2017-06-22

Cato: Why ‘Net Neutrality’ Is a Problem

Yesterday, Federal Communications Commission Chairman Ajit Pai announced his intention to reverse Obama administration “net neutrality” rules governing the internet that were put in place in 2015. Some commentators are criticizing the announcement as a give-away to large telecom companies and an attack on consumers. But the Obama rules create some serious problems for consumers—problems that Pai says he wants to correct.

Under the Obama rules, internet service providers (ISPs) are subject to “rate-of-return” regulations, which the federal government previously applied to AT&T’s long-distance telephone service back when it was a monopoly more than 50 years ago. Ostensibly, rate-of-return regulation gives government officials the power to review and approve or reject ISP rates. In reality it basically guarantees ISPs government-enforced market protection and profitability, in exchange for regulators ensuring that ISPs won’t be too profitable.

As explained in this 2014 post, rate-of-return regulation involves more than just telecom. It is an attempt to settle fights between “producers” and “shippers”—whether those are farms, mines, and factories on one side and railroads and shipping lines on the other, or Netflix and Hulu on one side and ISPs on the other. In all those cases, the producers and shippers need each other to satisfy consumers, but they fight each other to capture the larger share of consumers’ payments. If shippers charge more, then farmers, factories, and Netflix must charge less in order to maintain the same level of sales.

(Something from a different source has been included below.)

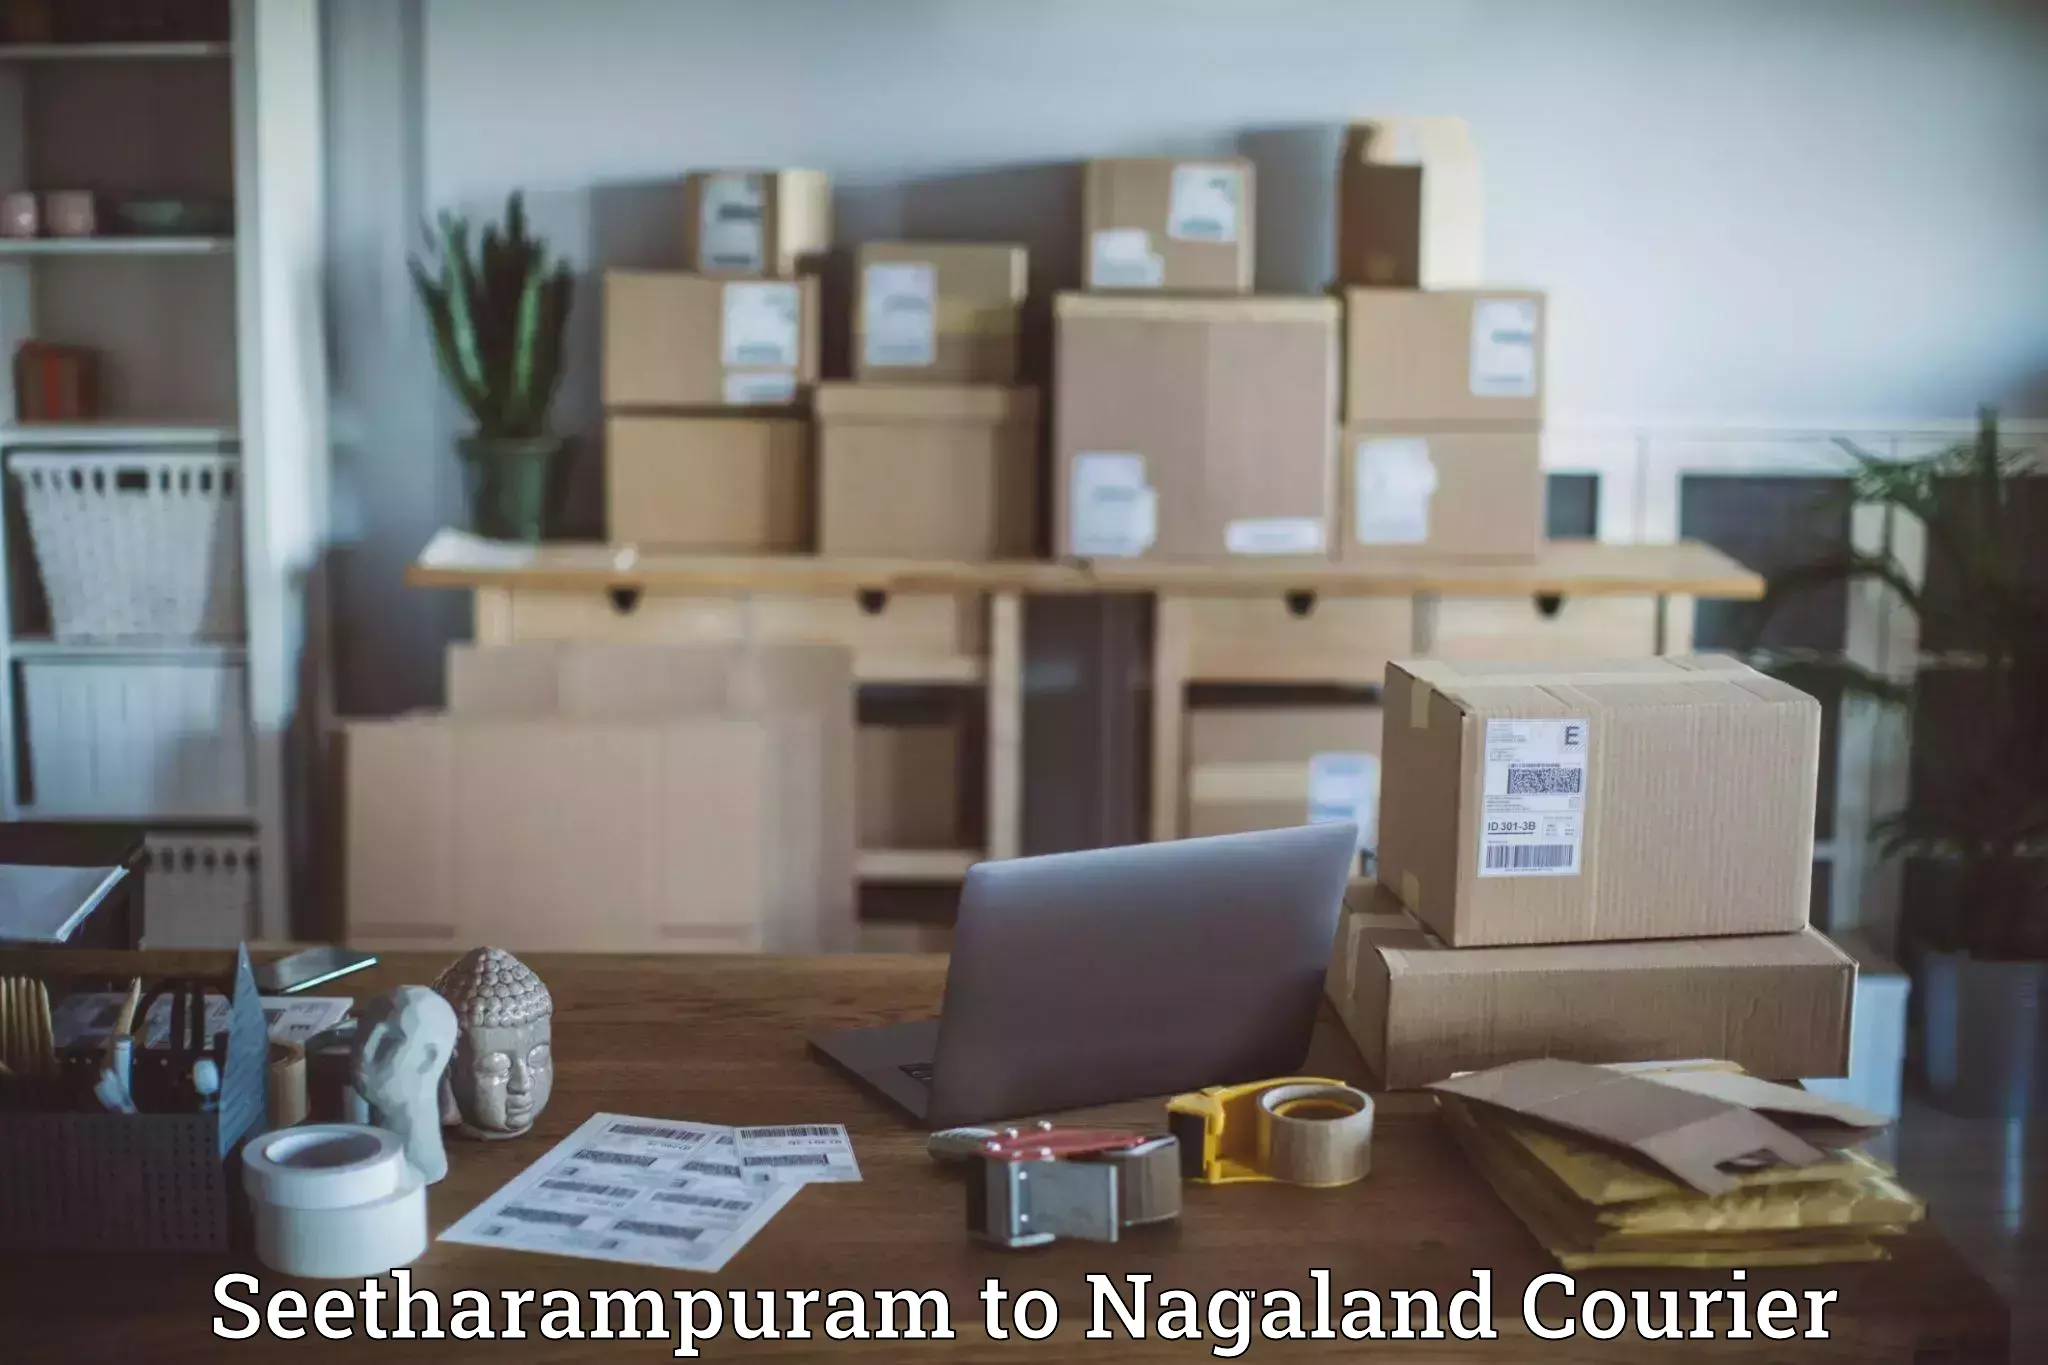 High-performance logistics Seetharampuram to Nagaland

The political resolution of the producer–shipper fights was the Interstate Commerce Act of 1887 and its rate-of-return regulations, which were initially written with railroads in mind. Similar efforts were later extended to trucking, air transportation, energy, and telecom. It took about 100 years for policymakers to accept that those efforts hurt consumers much more than it helped them, forcing on consumers too many bad providers with high prices and poor quality.